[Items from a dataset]
_ _ _
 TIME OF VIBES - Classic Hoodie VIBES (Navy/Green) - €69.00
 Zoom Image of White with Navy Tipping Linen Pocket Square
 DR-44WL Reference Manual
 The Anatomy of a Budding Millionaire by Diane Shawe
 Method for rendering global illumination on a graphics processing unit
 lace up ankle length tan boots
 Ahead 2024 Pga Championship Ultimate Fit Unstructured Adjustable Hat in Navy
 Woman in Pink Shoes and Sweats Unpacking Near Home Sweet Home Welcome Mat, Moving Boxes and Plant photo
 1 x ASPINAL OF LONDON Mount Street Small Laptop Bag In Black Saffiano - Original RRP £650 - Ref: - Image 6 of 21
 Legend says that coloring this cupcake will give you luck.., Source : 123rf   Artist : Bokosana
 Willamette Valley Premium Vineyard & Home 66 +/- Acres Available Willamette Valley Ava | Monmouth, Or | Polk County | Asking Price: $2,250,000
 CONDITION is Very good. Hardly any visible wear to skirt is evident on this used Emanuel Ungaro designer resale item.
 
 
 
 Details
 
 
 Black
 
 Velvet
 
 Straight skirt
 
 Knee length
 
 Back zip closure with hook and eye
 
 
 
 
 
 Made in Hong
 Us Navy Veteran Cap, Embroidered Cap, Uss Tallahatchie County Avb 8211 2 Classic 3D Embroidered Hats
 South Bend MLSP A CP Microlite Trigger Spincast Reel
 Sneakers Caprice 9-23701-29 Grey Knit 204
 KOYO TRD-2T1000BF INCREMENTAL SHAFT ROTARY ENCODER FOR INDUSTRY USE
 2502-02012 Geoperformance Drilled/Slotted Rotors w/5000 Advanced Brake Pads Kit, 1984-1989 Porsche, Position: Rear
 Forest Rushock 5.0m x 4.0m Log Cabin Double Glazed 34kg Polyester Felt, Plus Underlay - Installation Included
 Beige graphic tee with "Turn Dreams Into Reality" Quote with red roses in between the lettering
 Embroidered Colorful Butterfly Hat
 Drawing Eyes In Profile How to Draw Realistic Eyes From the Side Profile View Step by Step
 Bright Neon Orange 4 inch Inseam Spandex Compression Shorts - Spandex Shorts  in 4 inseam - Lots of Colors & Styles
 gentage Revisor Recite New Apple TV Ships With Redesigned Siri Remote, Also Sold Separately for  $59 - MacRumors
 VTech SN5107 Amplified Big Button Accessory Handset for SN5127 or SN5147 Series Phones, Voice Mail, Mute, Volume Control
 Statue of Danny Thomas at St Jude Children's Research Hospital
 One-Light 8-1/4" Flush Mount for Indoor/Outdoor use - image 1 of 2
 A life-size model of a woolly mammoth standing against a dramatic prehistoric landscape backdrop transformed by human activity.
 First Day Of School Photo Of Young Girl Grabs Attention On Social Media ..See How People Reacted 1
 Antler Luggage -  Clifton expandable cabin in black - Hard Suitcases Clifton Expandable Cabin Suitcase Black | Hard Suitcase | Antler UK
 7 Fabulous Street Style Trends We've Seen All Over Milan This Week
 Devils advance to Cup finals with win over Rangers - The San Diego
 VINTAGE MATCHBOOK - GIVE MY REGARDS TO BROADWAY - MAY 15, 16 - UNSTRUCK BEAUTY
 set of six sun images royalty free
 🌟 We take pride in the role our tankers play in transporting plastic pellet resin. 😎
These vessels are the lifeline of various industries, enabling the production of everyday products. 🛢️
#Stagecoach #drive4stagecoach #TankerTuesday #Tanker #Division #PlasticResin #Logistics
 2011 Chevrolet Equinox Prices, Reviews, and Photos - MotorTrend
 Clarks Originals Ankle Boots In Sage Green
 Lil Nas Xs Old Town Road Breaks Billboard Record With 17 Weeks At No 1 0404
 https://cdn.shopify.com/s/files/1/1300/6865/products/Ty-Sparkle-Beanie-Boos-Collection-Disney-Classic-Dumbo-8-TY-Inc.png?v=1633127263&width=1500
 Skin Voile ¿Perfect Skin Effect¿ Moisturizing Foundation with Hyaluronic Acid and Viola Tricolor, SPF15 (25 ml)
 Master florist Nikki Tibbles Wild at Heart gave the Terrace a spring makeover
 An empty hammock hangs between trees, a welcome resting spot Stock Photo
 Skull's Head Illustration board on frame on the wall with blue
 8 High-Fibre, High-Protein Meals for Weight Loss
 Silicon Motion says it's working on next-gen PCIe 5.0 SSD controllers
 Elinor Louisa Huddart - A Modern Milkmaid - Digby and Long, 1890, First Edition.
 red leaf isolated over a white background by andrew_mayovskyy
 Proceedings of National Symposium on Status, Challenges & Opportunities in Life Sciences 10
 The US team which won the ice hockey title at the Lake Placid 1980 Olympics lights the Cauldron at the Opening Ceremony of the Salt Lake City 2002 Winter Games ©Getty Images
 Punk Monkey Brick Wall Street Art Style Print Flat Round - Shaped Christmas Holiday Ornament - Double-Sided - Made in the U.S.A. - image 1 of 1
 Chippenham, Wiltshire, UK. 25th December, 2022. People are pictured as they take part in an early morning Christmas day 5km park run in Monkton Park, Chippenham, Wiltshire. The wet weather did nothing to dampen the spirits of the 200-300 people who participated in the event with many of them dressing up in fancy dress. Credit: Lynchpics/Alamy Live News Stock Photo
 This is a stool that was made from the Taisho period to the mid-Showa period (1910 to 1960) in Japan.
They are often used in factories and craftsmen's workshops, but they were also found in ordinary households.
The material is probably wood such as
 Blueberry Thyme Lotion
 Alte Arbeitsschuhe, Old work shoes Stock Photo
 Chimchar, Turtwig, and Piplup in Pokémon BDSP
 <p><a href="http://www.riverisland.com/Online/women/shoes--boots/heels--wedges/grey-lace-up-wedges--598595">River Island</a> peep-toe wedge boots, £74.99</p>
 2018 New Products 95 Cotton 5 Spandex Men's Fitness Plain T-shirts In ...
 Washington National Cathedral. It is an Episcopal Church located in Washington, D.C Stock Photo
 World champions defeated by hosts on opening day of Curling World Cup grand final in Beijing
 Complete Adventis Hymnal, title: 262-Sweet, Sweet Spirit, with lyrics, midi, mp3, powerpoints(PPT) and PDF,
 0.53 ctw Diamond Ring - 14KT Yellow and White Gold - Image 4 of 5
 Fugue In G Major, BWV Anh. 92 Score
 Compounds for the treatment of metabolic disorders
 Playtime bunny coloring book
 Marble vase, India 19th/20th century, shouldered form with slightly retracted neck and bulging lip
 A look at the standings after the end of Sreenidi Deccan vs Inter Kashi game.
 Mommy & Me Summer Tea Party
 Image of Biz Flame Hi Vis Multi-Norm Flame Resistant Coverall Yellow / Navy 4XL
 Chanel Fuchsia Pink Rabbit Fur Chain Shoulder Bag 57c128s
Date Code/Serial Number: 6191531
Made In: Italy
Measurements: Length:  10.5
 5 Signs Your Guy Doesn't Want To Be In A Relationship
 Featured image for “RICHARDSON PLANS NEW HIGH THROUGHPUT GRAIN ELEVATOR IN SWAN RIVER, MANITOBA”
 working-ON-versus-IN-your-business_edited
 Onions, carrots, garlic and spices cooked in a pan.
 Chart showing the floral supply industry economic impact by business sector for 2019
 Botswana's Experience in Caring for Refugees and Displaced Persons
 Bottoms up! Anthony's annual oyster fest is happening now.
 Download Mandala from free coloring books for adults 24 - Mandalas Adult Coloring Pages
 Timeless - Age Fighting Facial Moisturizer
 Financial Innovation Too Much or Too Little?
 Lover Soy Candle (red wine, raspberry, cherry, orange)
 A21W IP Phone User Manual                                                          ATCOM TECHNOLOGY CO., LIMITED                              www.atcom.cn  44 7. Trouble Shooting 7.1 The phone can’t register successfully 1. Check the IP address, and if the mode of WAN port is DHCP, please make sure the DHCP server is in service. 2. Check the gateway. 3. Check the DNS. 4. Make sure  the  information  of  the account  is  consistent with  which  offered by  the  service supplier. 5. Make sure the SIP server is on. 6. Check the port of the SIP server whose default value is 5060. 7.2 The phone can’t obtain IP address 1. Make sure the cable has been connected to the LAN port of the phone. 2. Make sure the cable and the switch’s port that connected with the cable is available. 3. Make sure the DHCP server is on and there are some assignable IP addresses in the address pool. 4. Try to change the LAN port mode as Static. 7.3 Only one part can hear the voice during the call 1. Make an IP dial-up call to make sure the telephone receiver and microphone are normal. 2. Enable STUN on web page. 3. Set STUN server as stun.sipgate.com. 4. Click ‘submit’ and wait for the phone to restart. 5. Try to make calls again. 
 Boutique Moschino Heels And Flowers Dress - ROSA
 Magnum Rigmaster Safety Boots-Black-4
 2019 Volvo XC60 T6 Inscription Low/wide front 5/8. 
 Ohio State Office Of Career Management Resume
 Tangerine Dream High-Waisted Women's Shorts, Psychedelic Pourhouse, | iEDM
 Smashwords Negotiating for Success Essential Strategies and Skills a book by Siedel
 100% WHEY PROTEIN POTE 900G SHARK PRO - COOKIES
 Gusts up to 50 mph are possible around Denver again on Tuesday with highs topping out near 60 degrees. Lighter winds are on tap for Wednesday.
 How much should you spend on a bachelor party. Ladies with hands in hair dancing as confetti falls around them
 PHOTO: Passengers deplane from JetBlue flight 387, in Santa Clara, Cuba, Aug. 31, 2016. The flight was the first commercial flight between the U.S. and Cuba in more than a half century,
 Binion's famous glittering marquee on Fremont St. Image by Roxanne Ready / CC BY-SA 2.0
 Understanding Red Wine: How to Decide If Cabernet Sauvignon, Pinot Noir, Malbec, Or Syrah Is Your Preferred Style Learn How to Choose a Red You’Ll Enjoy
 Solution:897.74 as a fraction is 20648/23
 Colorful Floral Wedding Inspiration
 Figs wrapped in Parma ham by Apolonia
_ _ _
How to complete this task ->
An exact copy of the lines above, from the one containing "A life-size model" through the one containing "Lil Nas Xs Old", is the whole of the answer.

Exercise result ->
 A life-size model of a woolly mammoth standing against a dramatic prehistoric landscape backdrop transformed by human activity.
 First Day Of School Photo Of Young Girl Grabs Attention On Social Media ..See How People Reacted 1
 Antler Luggage -  Clifton expandable cabin in black - Hard Suitcases Clifton Expandable Cabin Suitcase Black | Hard Suitcase | Antler UK
 7 Fabulous Street Style Trends We've Seen All Over Milan This Week
 Devils advance to Cup finals with win over Rangers - The San Diego
 VINTAGE MATCHBOOK - GIVE MY REGARDS TO BROADWAY - MAY 15, 16 - UNSTRUCK BEAUTY
 set of six sun images royalty free
 🌟 We take pride in the role our tankers play in transporting plastic pellet resin. 😎
These vessels are the lifeline of various industries, enabling the production of everyday products. 🛢️
#Stagecoach #drive4stagecoach #TankerTuesday #Tanker #Division #PlasticResin #Logistics
 2011 Chevrolet Equinox Prices, Reviews, and Photos - MotorTrend
 Clarks Originals Ankle Boots In Sage Green
 Lil Nas Xs Old Town Road Breaks Billboard Record With 17 Weeks At No 1 0404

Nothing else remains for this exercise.